You're better off treating the system as fundamentally unsecurable, because it is. The only real solution is to never give it untrusted data or access to anything you care about. Which yes, makes it pretty useless.

CuriouslyC|21 days ago

Wrapping documents in <untrusted></untrusted> helps a small amount if you're filtering tags in the content. The main reason for this is that it primes attention. You can redact prompt injection hot words as well, for cases where there's a high P(injection) and wrap the detected injection in <potential-prompt-injection> tags. None of this is a slam dunk but with a high quality model and some basic document cleaning I don't think the sky is falling.

I have OPA and set policies on each tool I provide at the gateway level.
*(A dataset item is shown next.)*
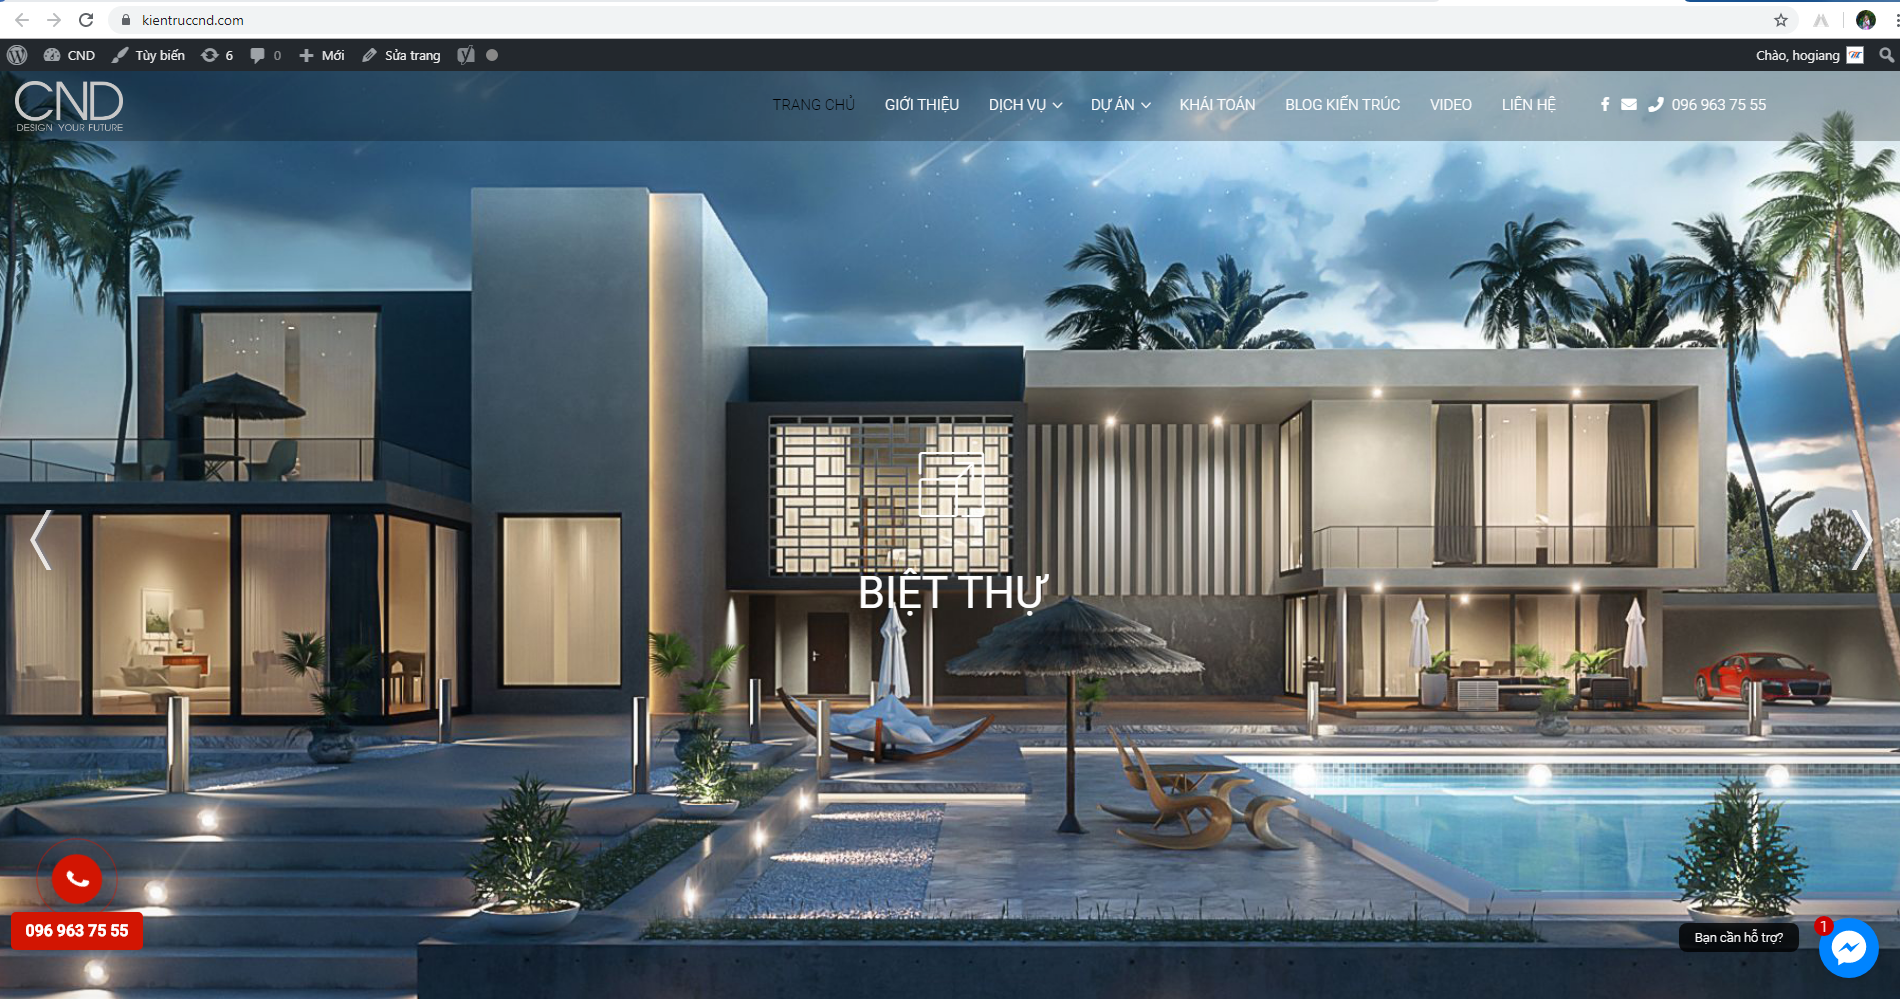 Thiết kế website kiến trúc quảng bá thương hiệu của bạn

It makes this stuff way easier.

veganmosfet|21 days ago

Agree for a general AI assistant, which has the same permissions and access as the assisted human => Disaster. I experimented with OpenClaw and it has a lot of issues. The best: prompt injection attacks are "out of scope" from the security policy == user's problem. However, I found the latest models to have much better safety and instruction following capabilities. Combined with other security best practices, this lowers the risk.